Visual: difficult child frequently has trouble keeping supplies organized, watches other students move around the room, and looks away from tasks to notice other activity in the room.

Movement: difficult child always seeks all kinds of movement that may interfere with his day, is always on the go, fidgets during activities, and finds excessive reasons to move around the room.

Touch: difficult child displays an unusual need to touch different textures, comes close to people's personal space when talking, touches people and objects to the point of irritation, and has difficulty standing in line when close to people.

Behavior: difficult child is inflexible, withdraws from changes in routine and new situations, is easily frustrated, and more over-reactive to situations compared to peers.

WISC-IV scores: Full scale IQ 92; Verbal comprehension 102; Perceptual Reasoning 104; working memory 80; processing speed 80.

Additional note on this says he was unable to repeat a 2 digit sequence back to the tester. Initially, the test asked him to repeat a sequence backwards. If she said A2, he was to say 2A. He could not do that, so she asked him to just repeat the sequence back to her (he should say A2 back) and he could not do that.

ABAS Scores significantly significant by over half of all raters in the following categories Communication, Community Use, Functional Academics, Health and Safety, Self care, Self direction, and Social.

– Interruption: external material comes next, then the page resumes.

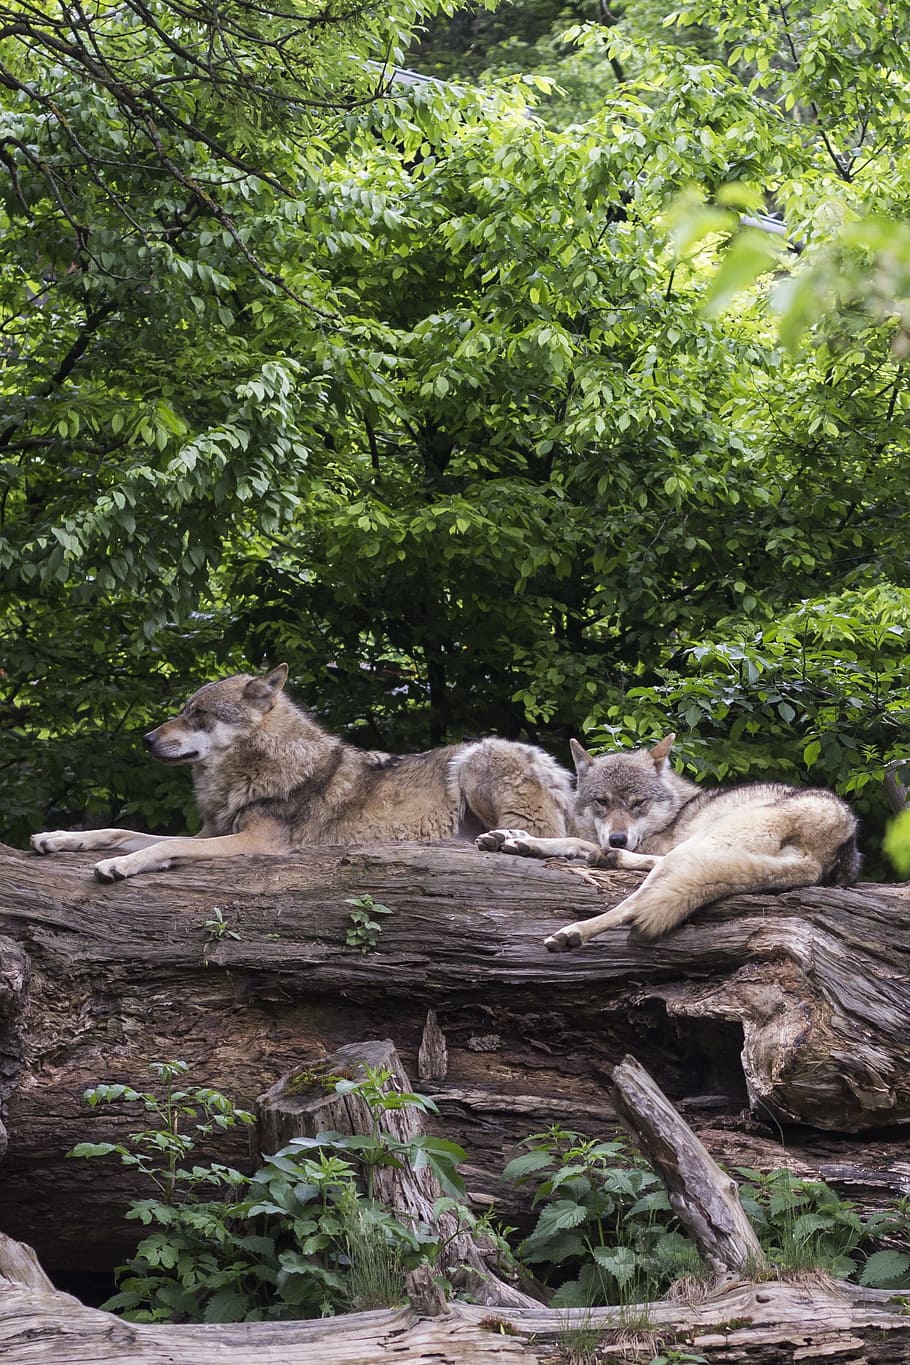 mentindo, log de madeira, lobos, lobo europeu, lobo, lobos europeus, canis lupus, predador, animais dois lobos, dormente

All 13 categories in the Connors Rating Scale were "significantly problematic" (scores above 66) when rated by his mainstream teacher - all of her scores were above 80, some into the 90's. His SpEd teacher and family only rated him problematic in the categories Oppsitional (67), Hyper (68), and Emotional Lability (86).

The BASC-2 had 4 raters from school, clinically significant by 3 or 4 raters in the clinical categories Hyper, Aggresive, Depression, Atypicality, and Withdrawal. Conduct problema, Anxiety, Somatization, and Learning Problems were normal. Attention Problems was one number above average. In the adaptve categories, he's clinically significant or at risk in every category: Adaptability, Social Skills, Leadership, Study Skills, Daily Living, and Functional Communication.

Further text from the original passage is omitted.